Furthermore, whether you wish to believe it or not, one of the things we can indeed learn from modern yDna is when a certain lineage experienced its expansion. In the case of E-V13 that was the Bronze Age. I think that's a pretty good indication that whenever and with whomever E-V13 arrived in Italy, a good chunk of it, perhaps the majority, arrived during or after the Bronze Age.

Bicicleur thinks that E-V13 may have been picked up by the Indo-Europeans somewhere in central-eastern Europe, in which case it's conceivable some of it entered Italy from the north, over the Alps, or through the corridor in the east through which the Lombards later arrived. I think it's more likely, given the epicenter of E-V13 in the Balkans, that the flow was mainly from there. Only time will tell.

At any rate, given the known Greek settlements all over southern Italy but also in other areas of Italy and nearby in Provence during the first millennium BC, to take the position that this is somehow a minor to insignificant source of E-V13 in Italy is not only counter-intuitive but rather contrary to logic.

In the following map the smaller Adriatic trading centers are not shown, or the small settlement at Genova, but still you get an idea of how much settlement actually took place.

Griechischen_und_ph%C3%B6nizischen_Kolonien.jpg


This is another good graphic:
display-68.jpg


Even the grape varieties show the same thing:
Migration_of_Greek_grape_varieties_to_Italy.jpg


Autosomal analysis is also pretty informative. I'm still impressed by how much Cavalli-Sforza got right. This is PC4 of his autosomal map of Europe.
pc4.jpg


I think the distribution in Italy might also owe something to the colonization program of the Romans. Neapolis was a large Greek area, and incorporated by Rome relatively early, so its men went into the legions. As time passed, Rome settled veterans all over Italy, scrambling the yDna distribution to some extent, although not, in my opinion, enough to very much affect the very old substructure. The separation of southern Italy from central, and even more from northern Italy took place after the Roman era.

500px-Romancoloniae.jpg


As to the jumble of statistics in your post, I'm sorry, but I don't pay attention to stats that don't contain a link to the appropriate paper. Without that information, which would tell me if its actually E-V13, the number of samples, the methodology etc. I can't evaluate the data. One of the reasons why I do pay attention to the Boattini and Sarno papers, for example, is that they are a random sample drawn only from known regional surnames. In a country like Italy where there has been a very large migration from south to north starting really at the end of the 19th century, four grandparents born in the area is not enough to guarantee these are really "native" samples.

I think it is pretty clear that some, perhaps a large chunk of the E-V13 in Italy is indeed part of the Greek expansion of the first millennium BC, but I think it was supplemented in the southeastern portions of the mainland and perhaps in central Italy during the Middle Ages given known migrations, and a portion may stretch back to the Mycenaean Era given known trade and cultural exchange patterns. Some of it may indeed even go back to the Neolithic, but given the expansion dates I don't think that's the case for most of it.

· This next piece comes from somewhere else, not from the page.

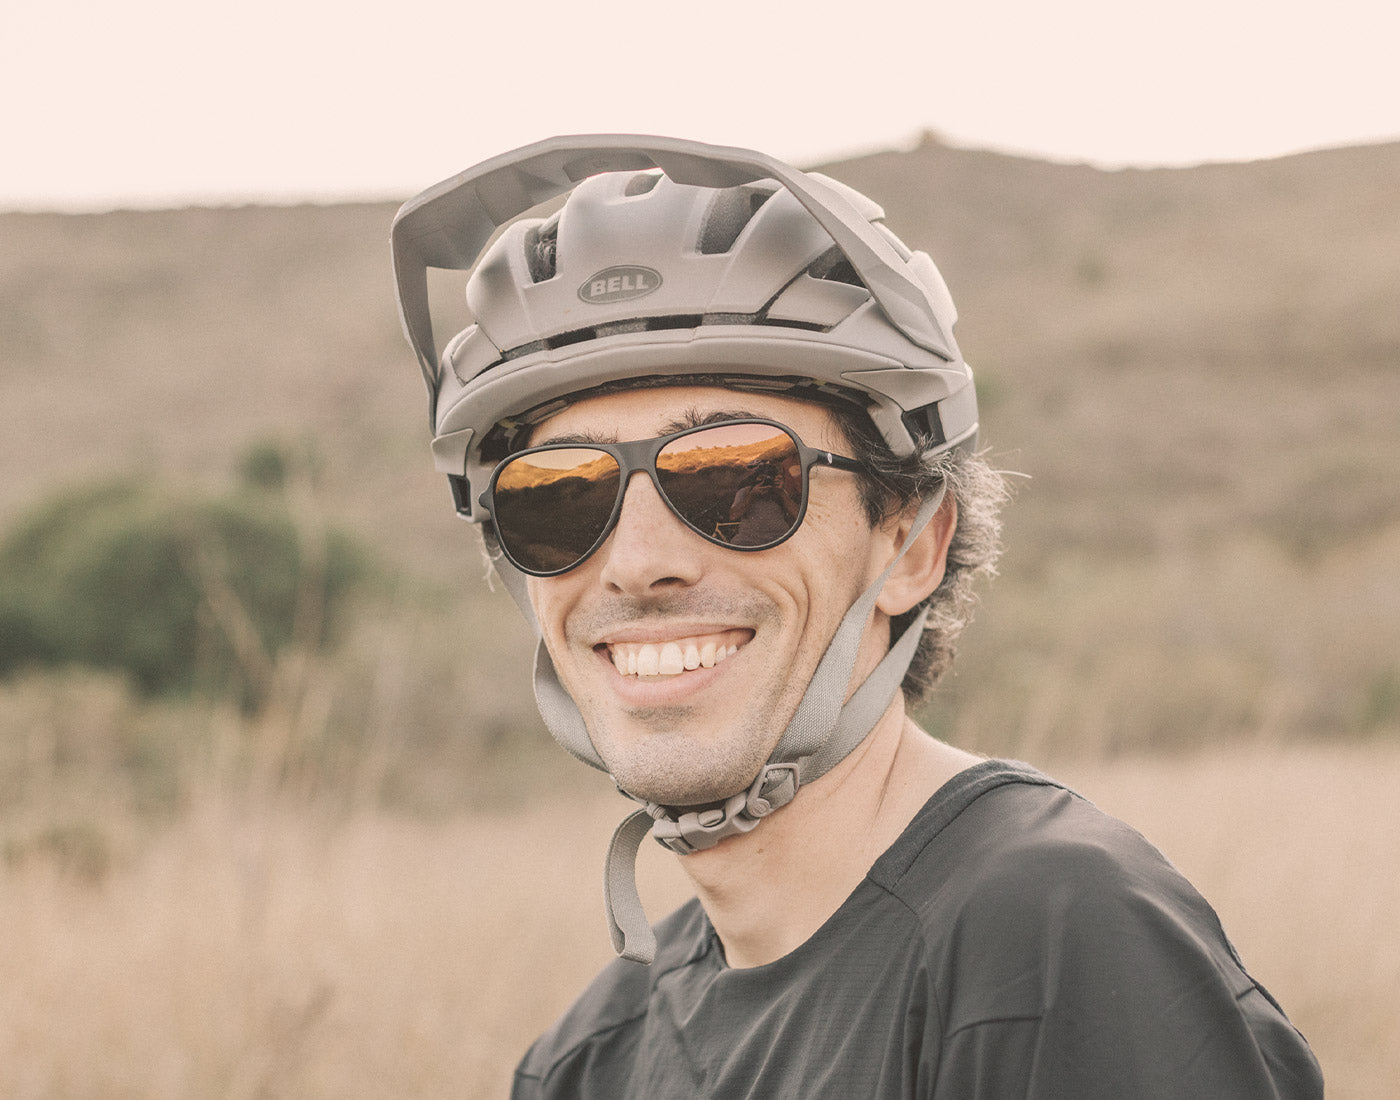 guy in bike helmet smiling wearing sunski foxtrot sunglasses

At any rate, I'm not at all married to these speculations. It's just what it looks like to me now given what I know of the sub-clade and the history. When we have more ancient dna and more subclade resolution this may all change. I have no stake in any one outcome so whatever the data shows, it shows. What I'm not interested in is unfounded speculation, bereft of data, because of what is increasingly looking like some sort of agenda.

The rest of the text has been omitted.